Transcribe all of the data exactly. Omit the pictures.
======== MATERIAL PROVIDED
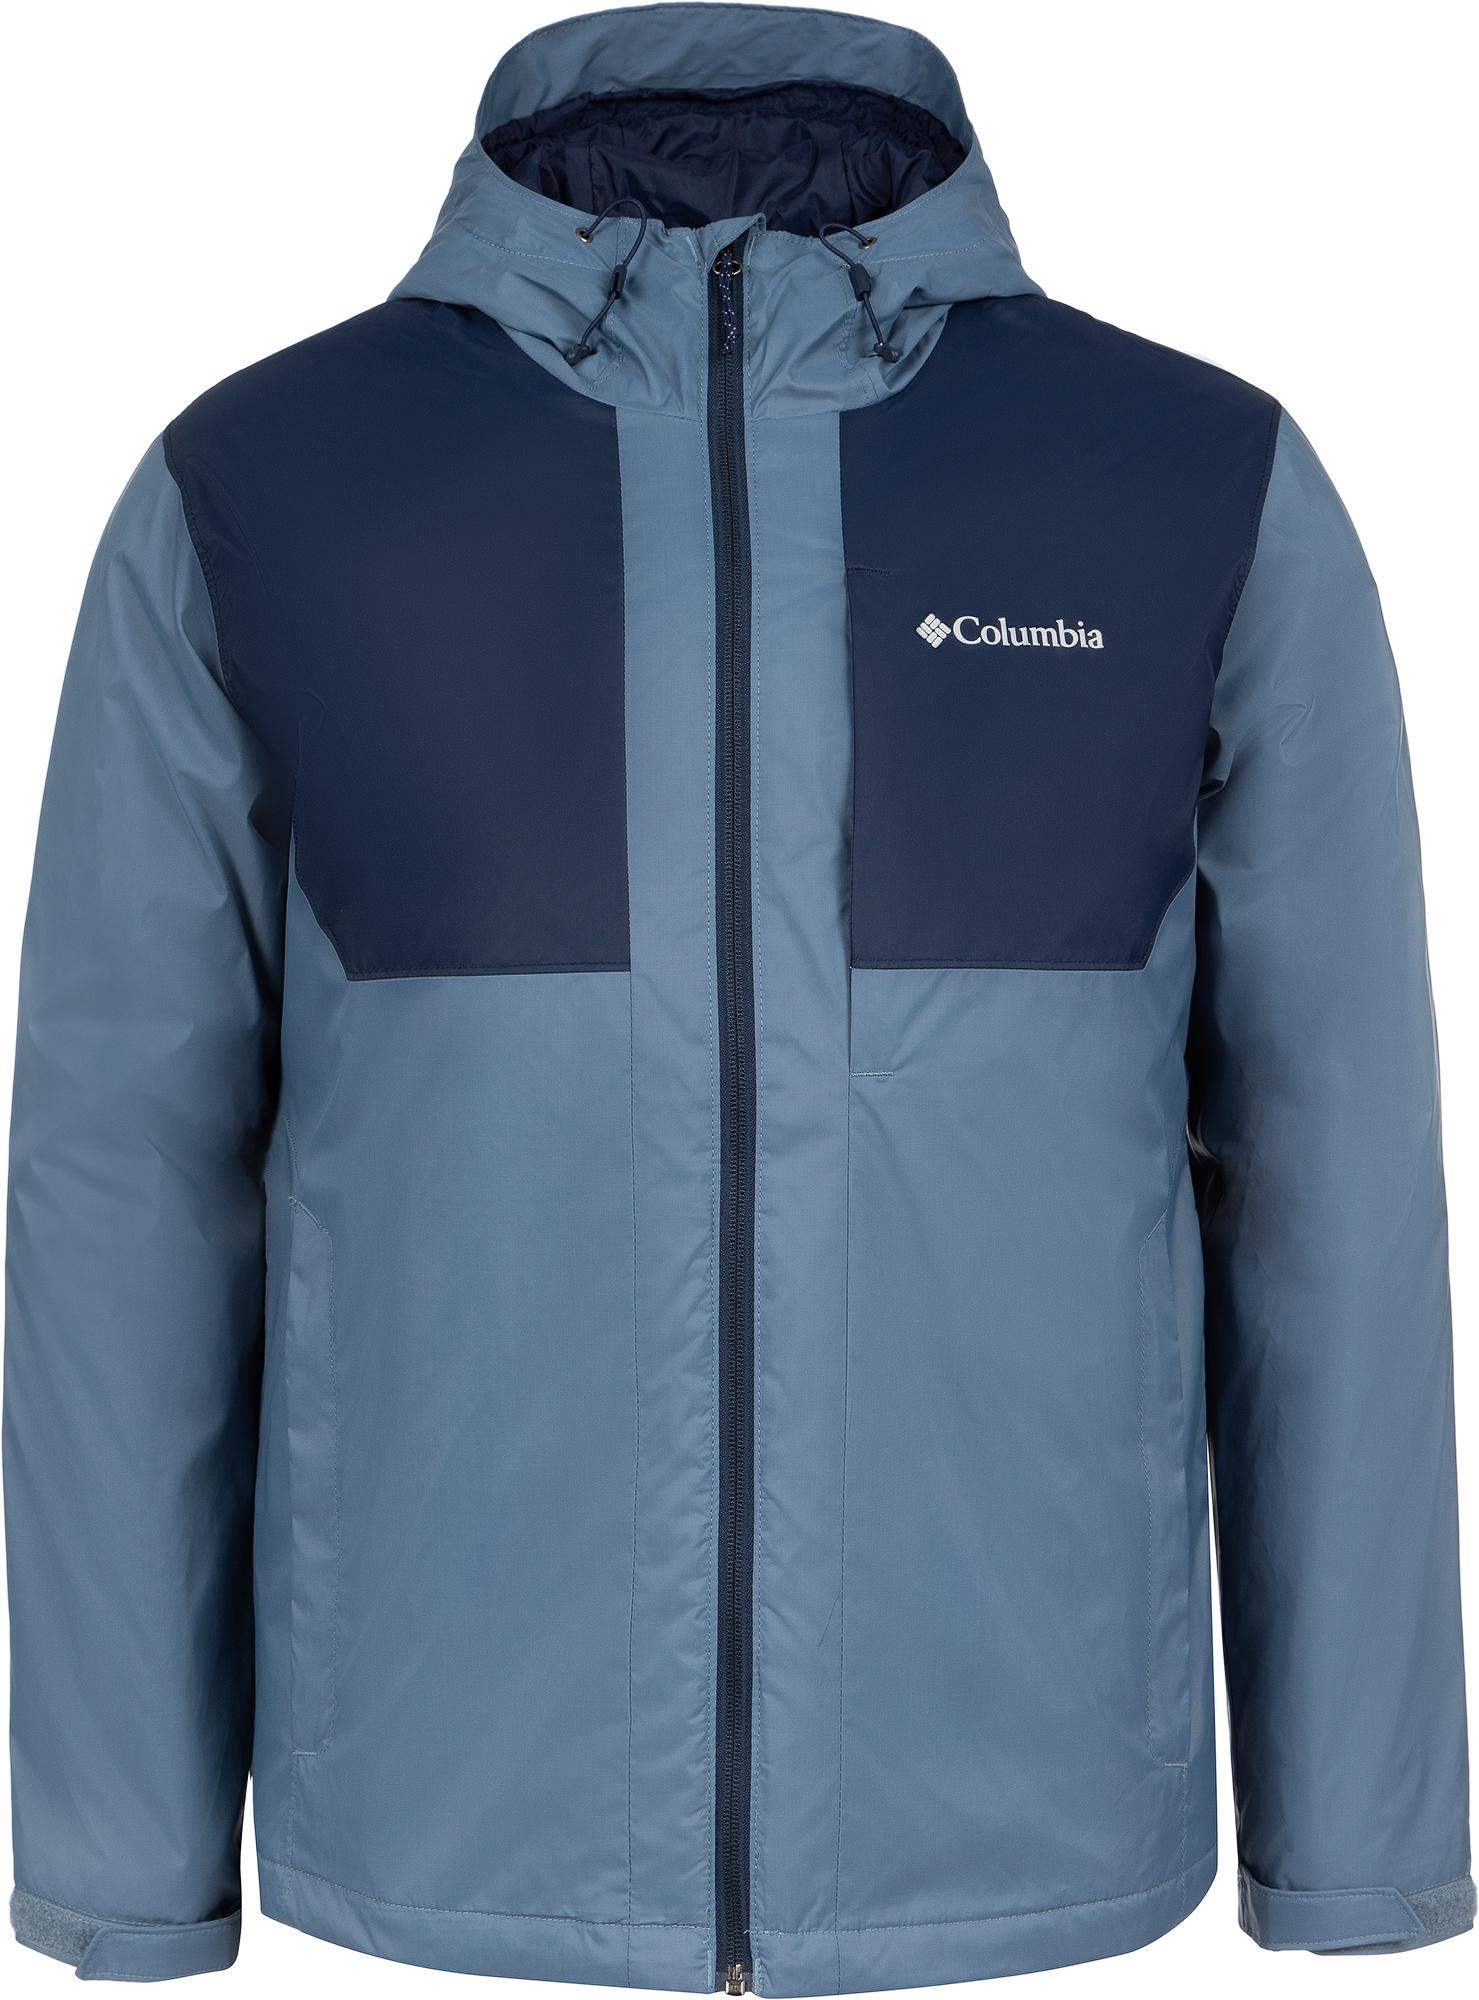 Фото - Columbia Куртка утепленная мужская Columbia Straight Line™, размер 54 куртка утепленная columbia columbia co214emgevw0
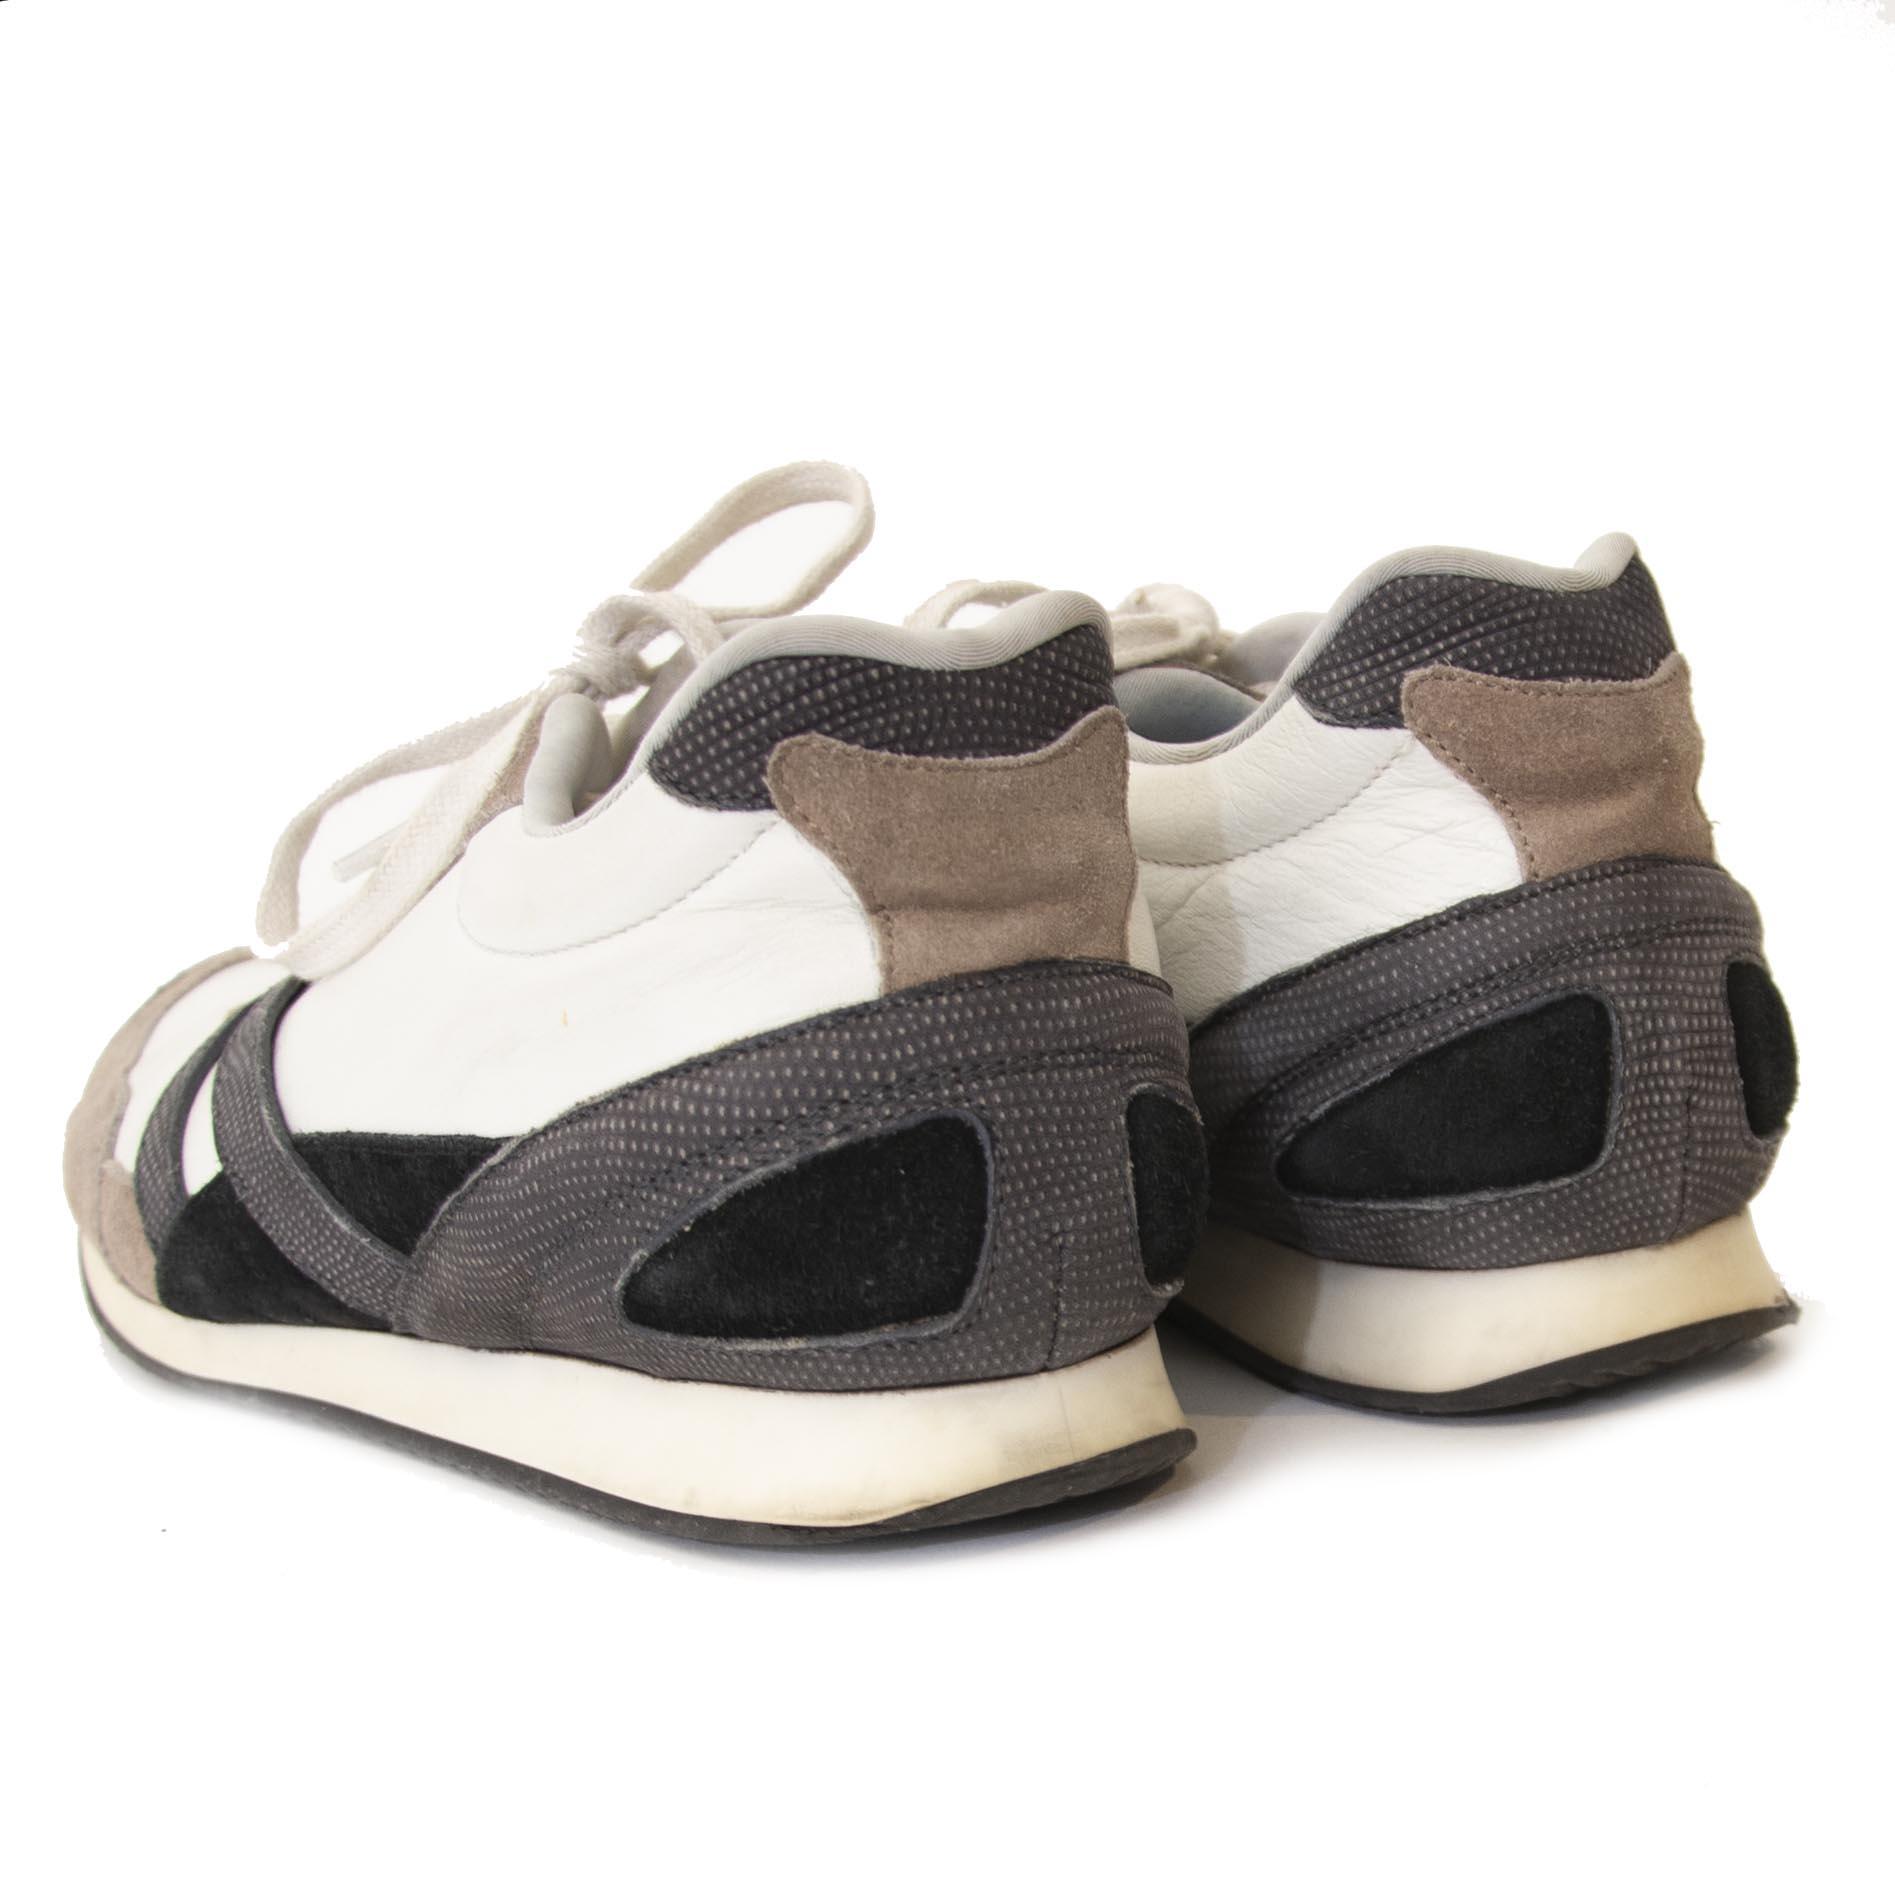 Tweedehands Balenciaga sneakers bij Labellov. Veilig online winkelen
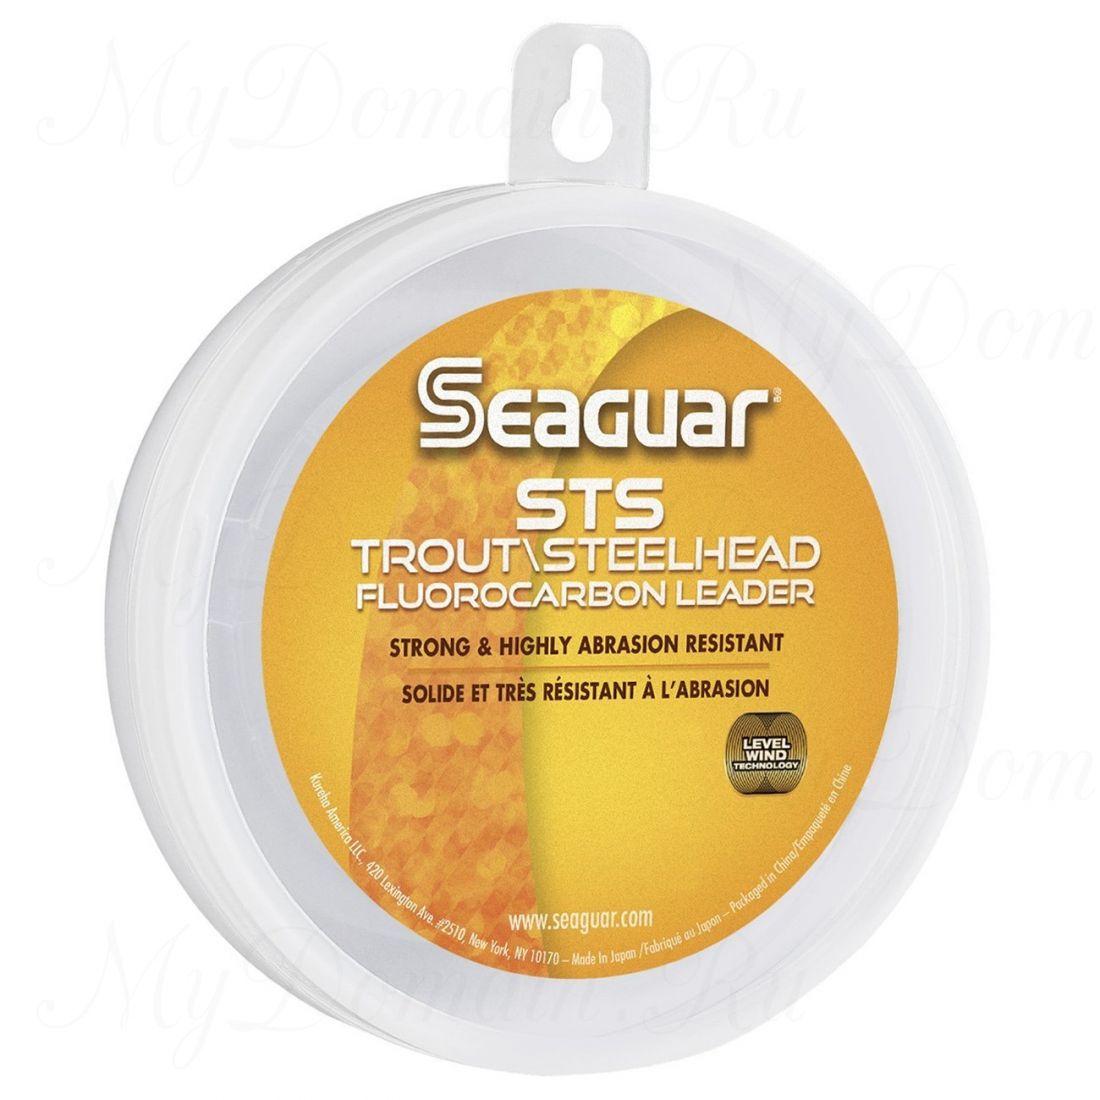 Поводковый материал из флюорокарбона Seaguar STS Salmon & Trout/Steelhead 0,235 мм; 8 lb/3,6 кг; 100 ярдов /91 м.
================
FINISHED TASK ->
 Фото - Columbia Куртка утепленная мужская Columbia Straight Line™, размер 54 куртка утепленная columbia columbia co214emgevw0
 Tweedehands Balenciaga sneakers bij Labellov. Veilig online winkelen
 Поводковый материал из флюорокарбона Seaguar STS Salmon & Trout/Steelhead 0,235 мм; 8 lb/3,6 кг; 100 ярдов /91 м.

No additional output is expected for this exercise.